Pessoa fatiando tomate em tábua branca na cozinha com limão, manjericão e tigelas ao fundo.

Na correria do cotidiano, quase ninguém pensa que um hábito corriqueiro na preparação dos alimentos pode liberar poeira invisível que vai parar no que você come.

As tábuas de corte, presentes em praticamente toda cozinha, entraram no radar de pesquisadores por causa de uma via de contaminação que passa despercebida: microplásticos que se desgastam da superfície e podem seguir direto para o prato - e, depois, para o organismo.
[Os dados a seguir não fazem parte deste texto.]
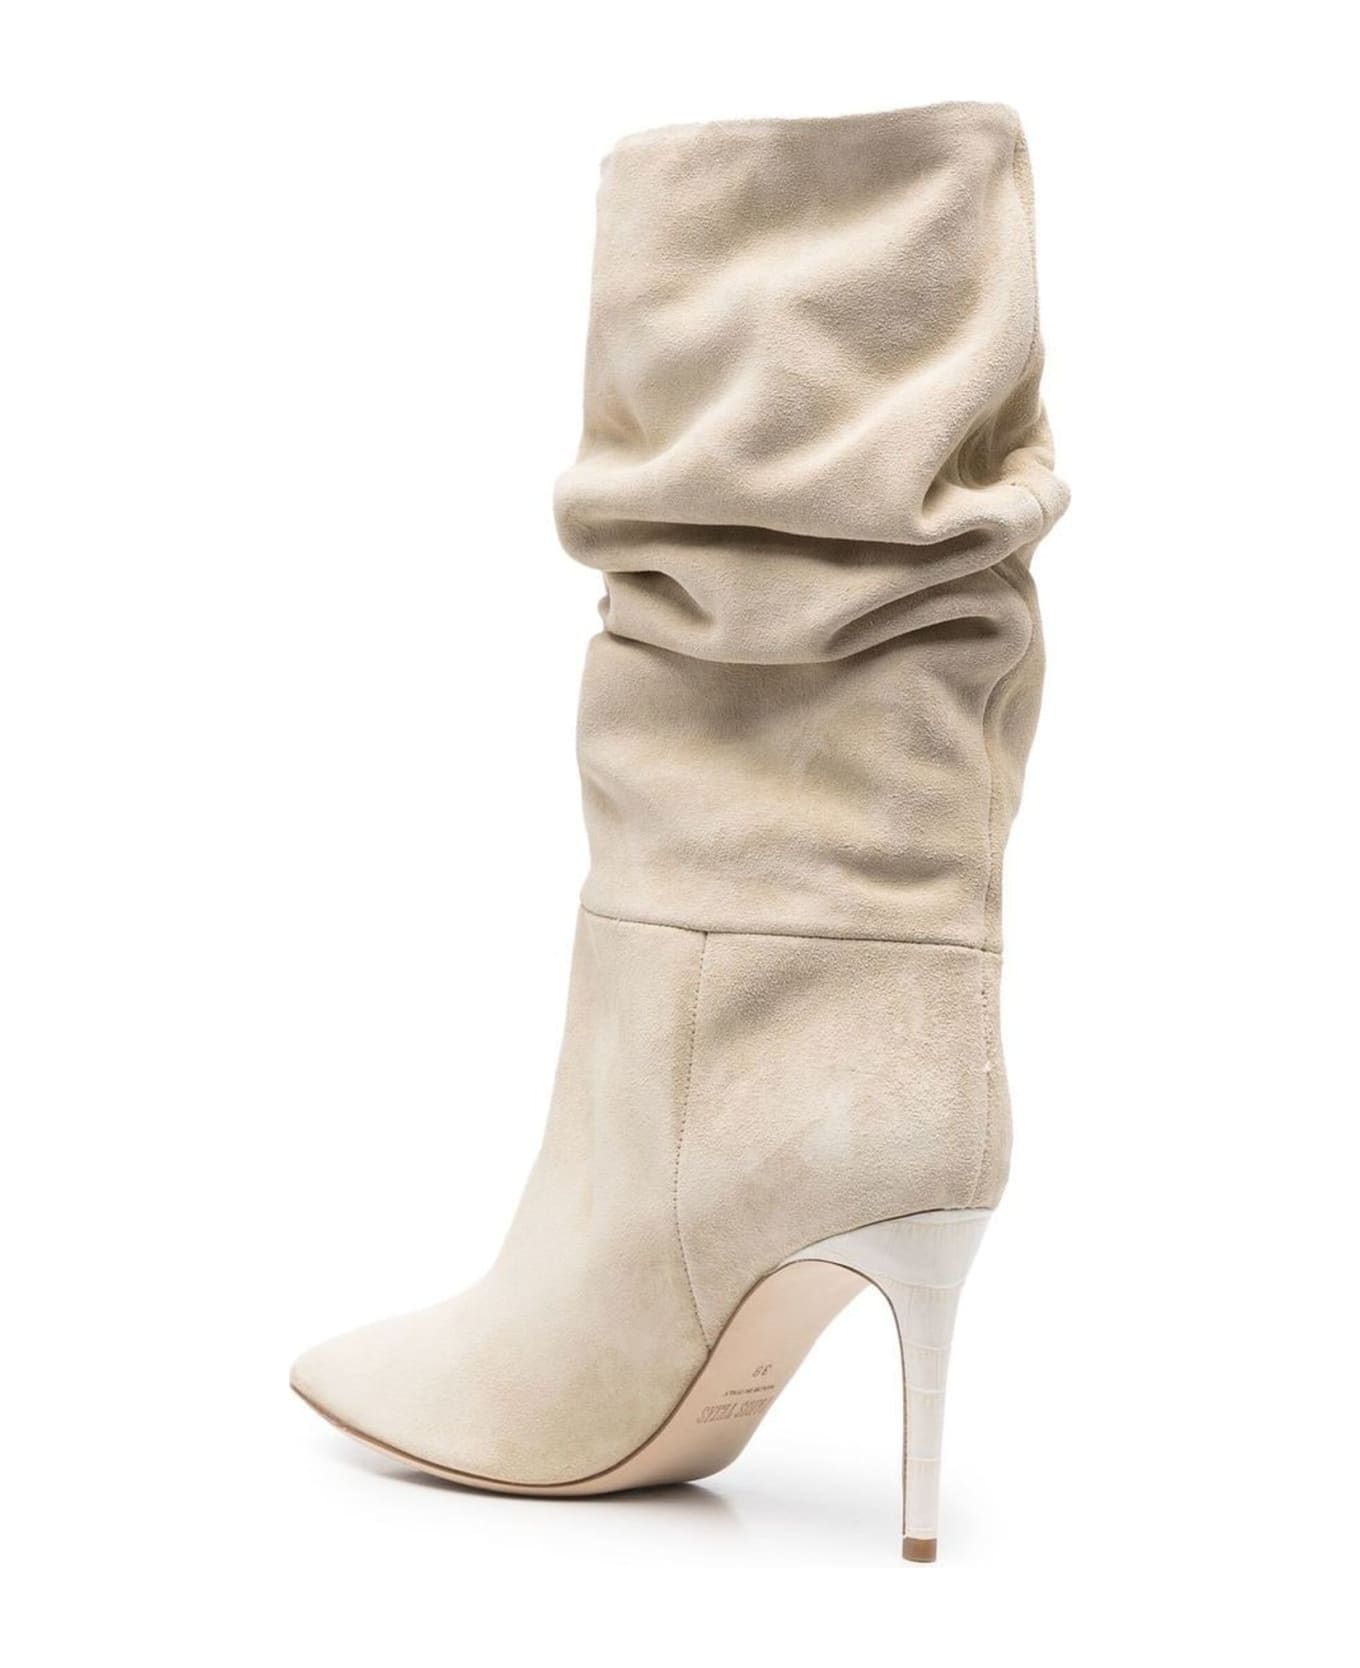 Paris Texas Beige Calf Leather Suede Ankle Boots - Beige ブーツ

Tábuas de corte e microplásticos: por que as tábuas de plástico estão sob suspeita

As tábuas de plástico viraram preferência por motivos óbvios: são leves, custam pouco, limpam rápido, aguentam lava-louças, não costumam empenar e dão a impressão de “durar para sempre”. O problema aparece com o uso contínuo: a tábua vai ficando marcada por sulcos e riscos. E cada passada de faca pode significar mais material sendo arrancado.
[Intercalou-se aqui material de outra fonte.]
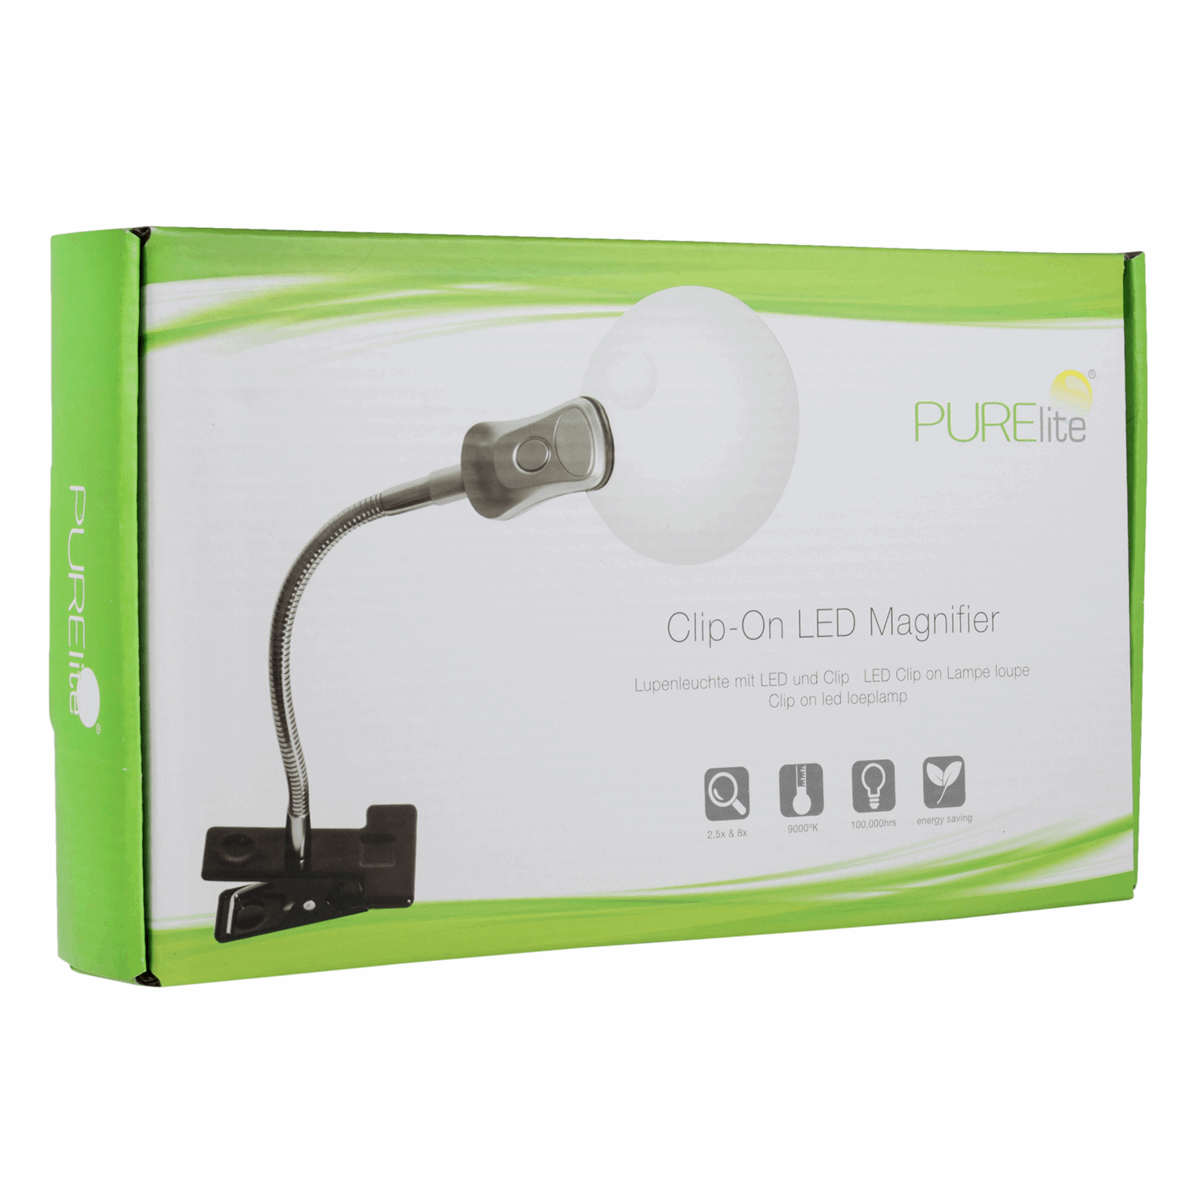 PURElite Magnifying Clip-on LED Lamp with flexible arm

Estudos citados por instituições como o Instituto Norueguês de Pesquisa em Água indicam que, a cada corte, microfragmentos podem se desprender. Quanto maior a resistência do alimento, maior a força aplicada e, por consequência, maior o desgaste do plástico. Itens como legumes mais fibrosos, carnes com osso e alimentos ainda congelados tendem a acelerar esse processo.
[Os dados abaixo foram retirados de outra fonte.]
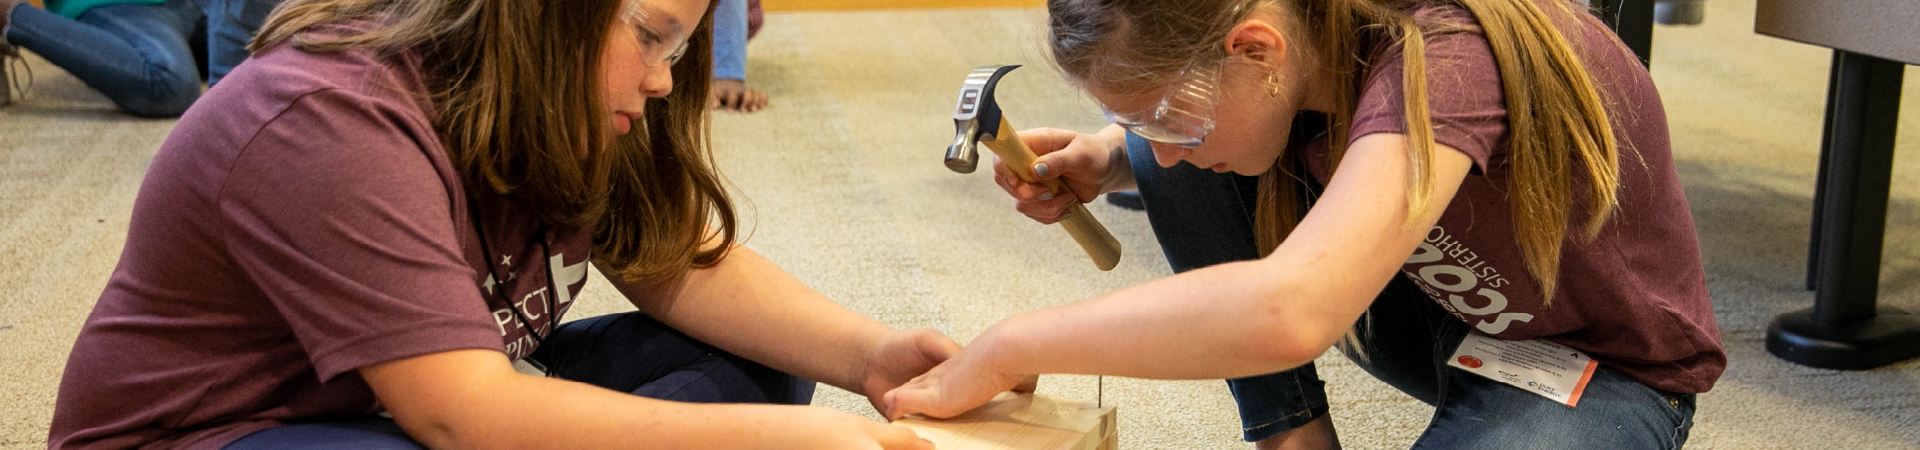  two Girl Scouts hammer on woodworking project

O ponto crítico é que esses fragmentos podem ser pequenos demais para serem vistos a olho nu - e ainda assim acabam misturados à comida que será consumida.

Em cozinhas profissionais, a preocupação tende a crescer: as tábuas trabalham o dia inteiro, passam por lavagens repetidas (muitas vezes com água bem quente e produtos mais agressivos) e ainda mudam de função várias vezes ao longo do turno. Nesse cenário, o atrito, o calor e o tempo de uso podem aumentar a liberação de partículas.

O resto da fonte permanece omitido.